Neben der neuen Chefin und dem Dauerdruck durch Daten- und Verbraucherschützerinnen und -schützer dürfte auch die wachsende Konkurrenz die Öffnung gefördert haben. Das sogenannte Scoring ist ein Wachstumsmarkt, seit der Onlinehandel immer mehr Geschäftspartnerinnen und -partner zusammenbringt, die sich nicht kennen. Ohne statistische Berechnung der Ausfallwahrscheinlichkeit – nichts anderes ist Scoring – wären viele Geschäftsmodelle überhaupt nicht denkbar.

Anfang des Jahres interessierte sich der Finanzinvestor EQT für einen Einstieg bei der Schufa und bewertete das Unternehmen angeblich mit 2 Milliarden Euro – bei einem bescheidenen Umsatz zwischen 200 und 300 Millionen Euro. EQT warb nicht zuletzt mit dem Versprechen, für mehr Offenheit bei der Schufa zu sorgen, und traf damit den schwachen Punkt.

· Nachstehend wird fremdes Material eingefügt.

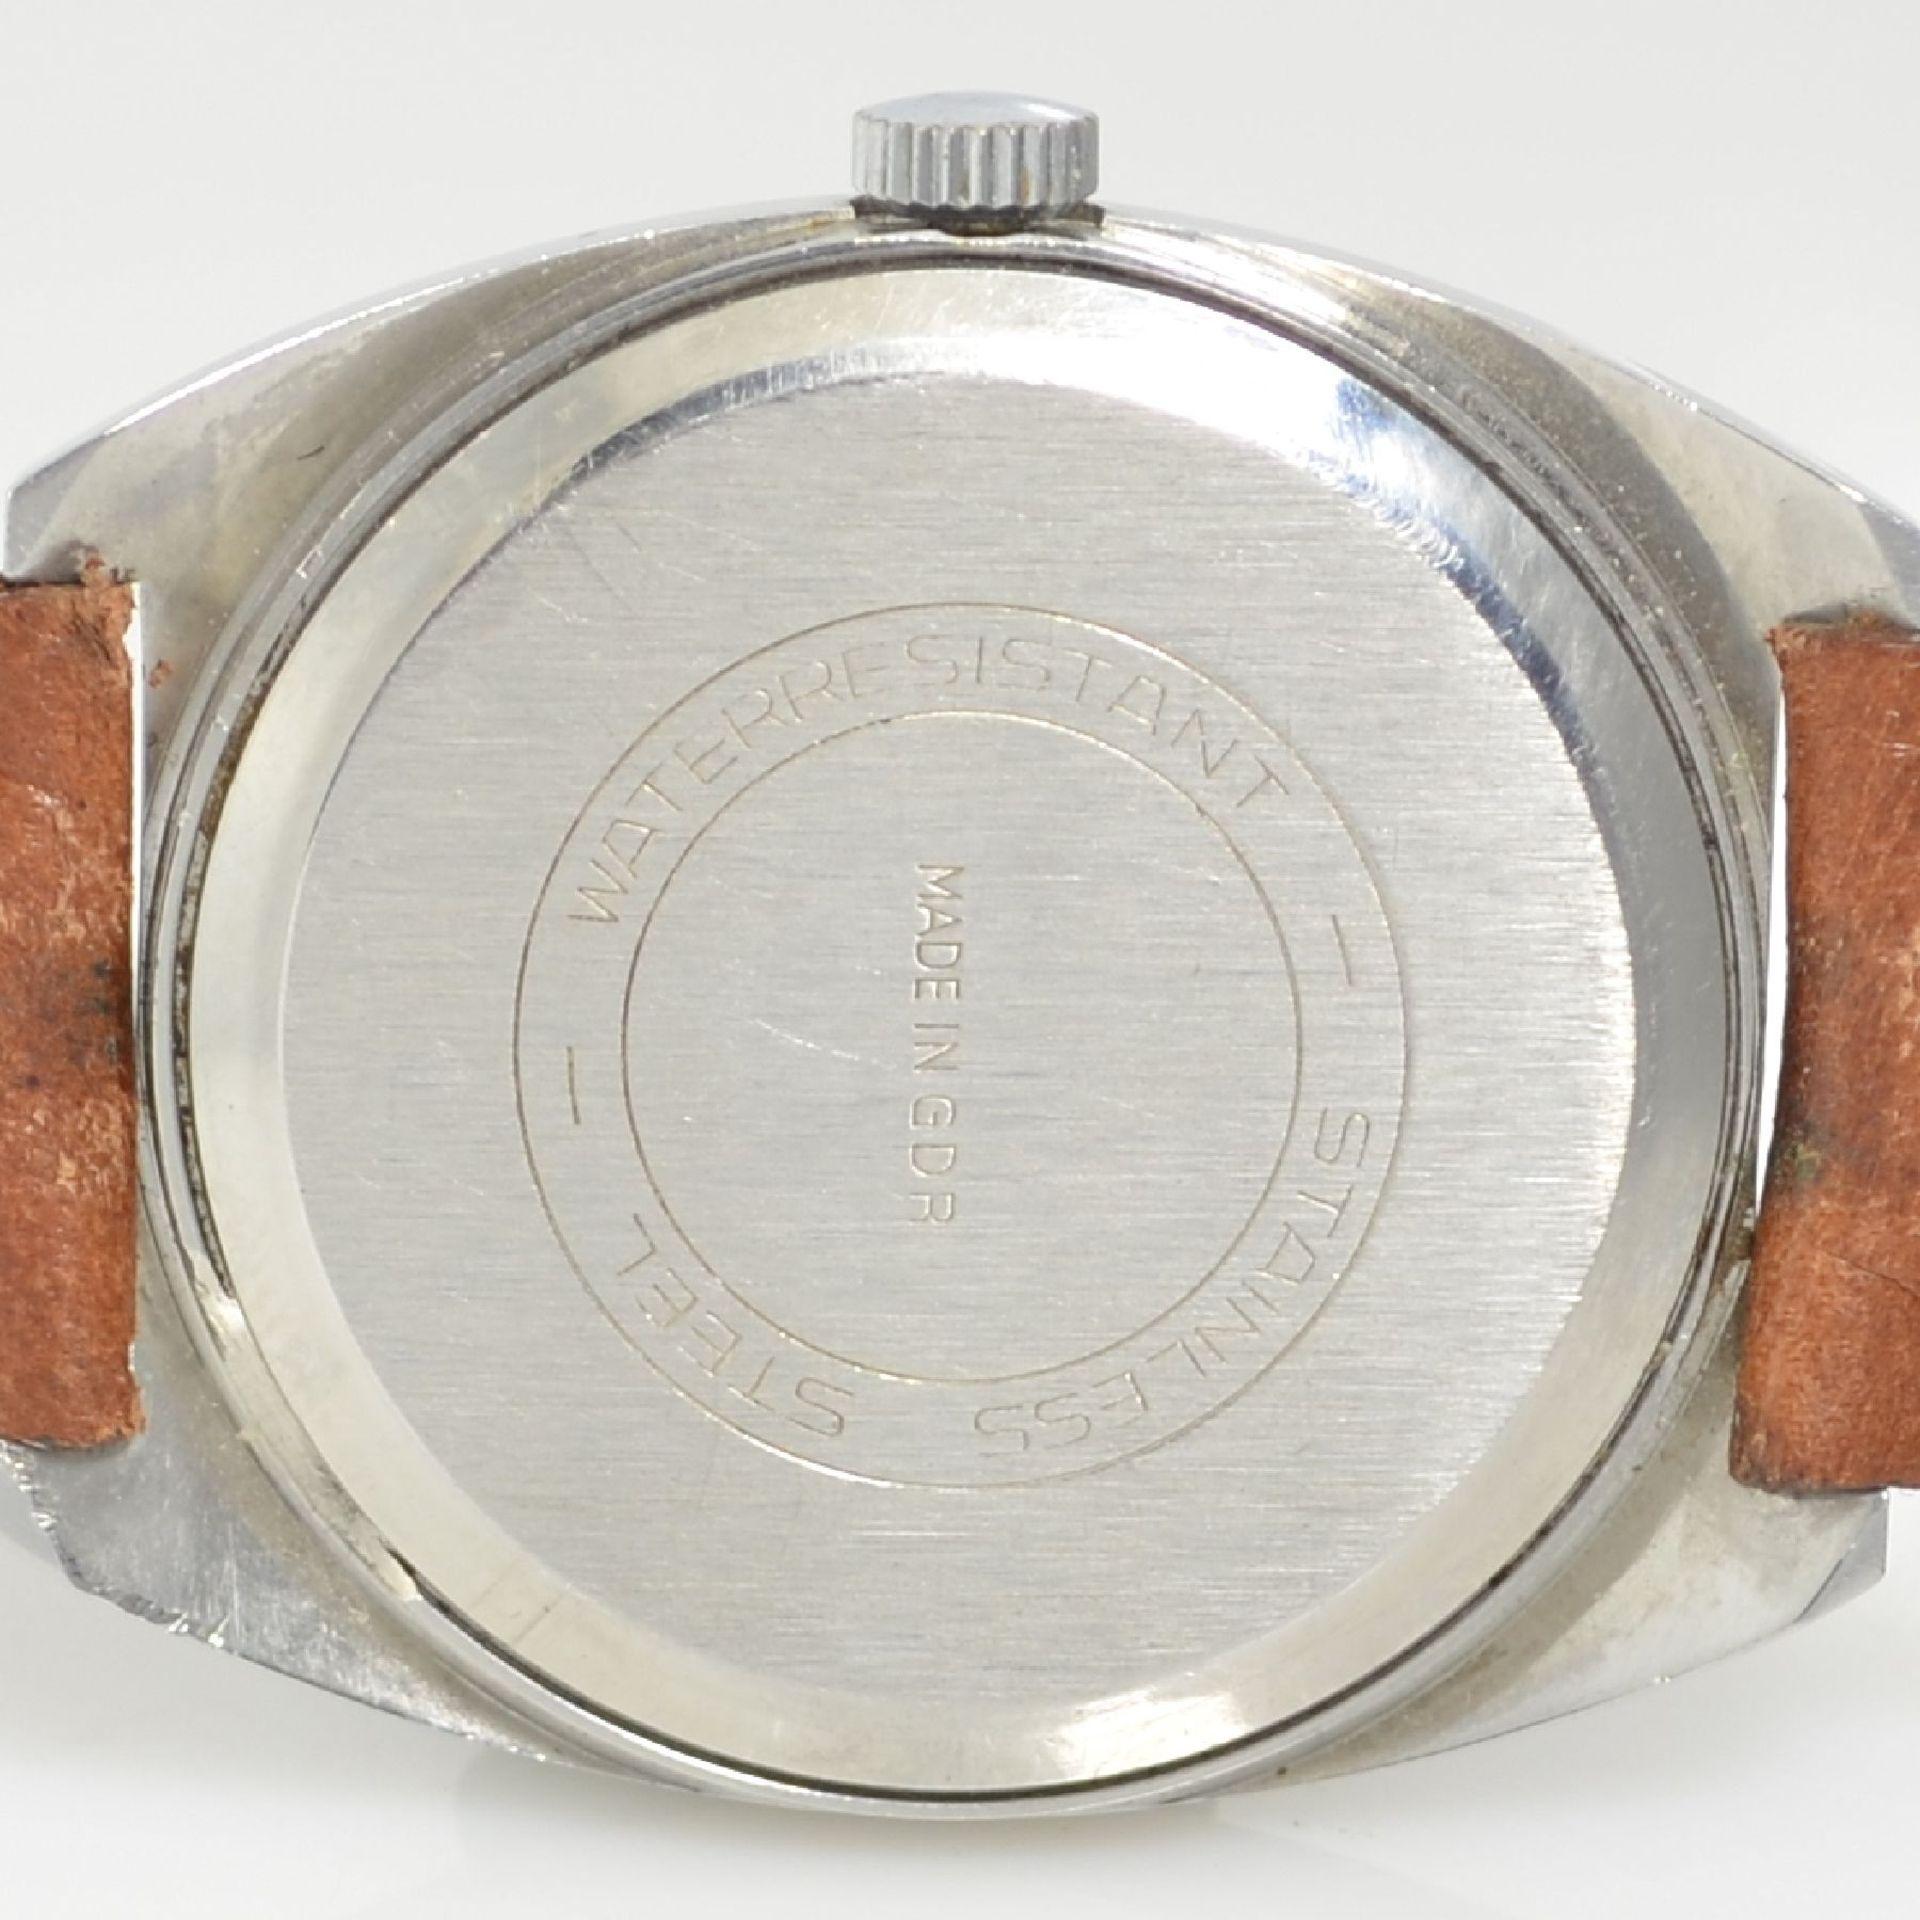 GLASHÜTTE Armbanduhr Spezimatic in Edelstahl, Automatik, DDR um 1970, Boden aufgedr., ausgef. - Bild 5 aus 5

Der hessische Datenschutzbeauftragte Alexander Roßnagel lobte damals den Fokus auf Transparenz und Verbraucherschutz, und Verbraucherschutzministerin Steffi Lemke (Grüne) sagte: „Wichtig für Verbraucherinnen und Verbraucher ist vor allem, dass die Schufa transparenter wird.“ Der EQT-Einstieg ist offenbar geplatzt, aber eine Transparenzoffensive kommt trotzdem.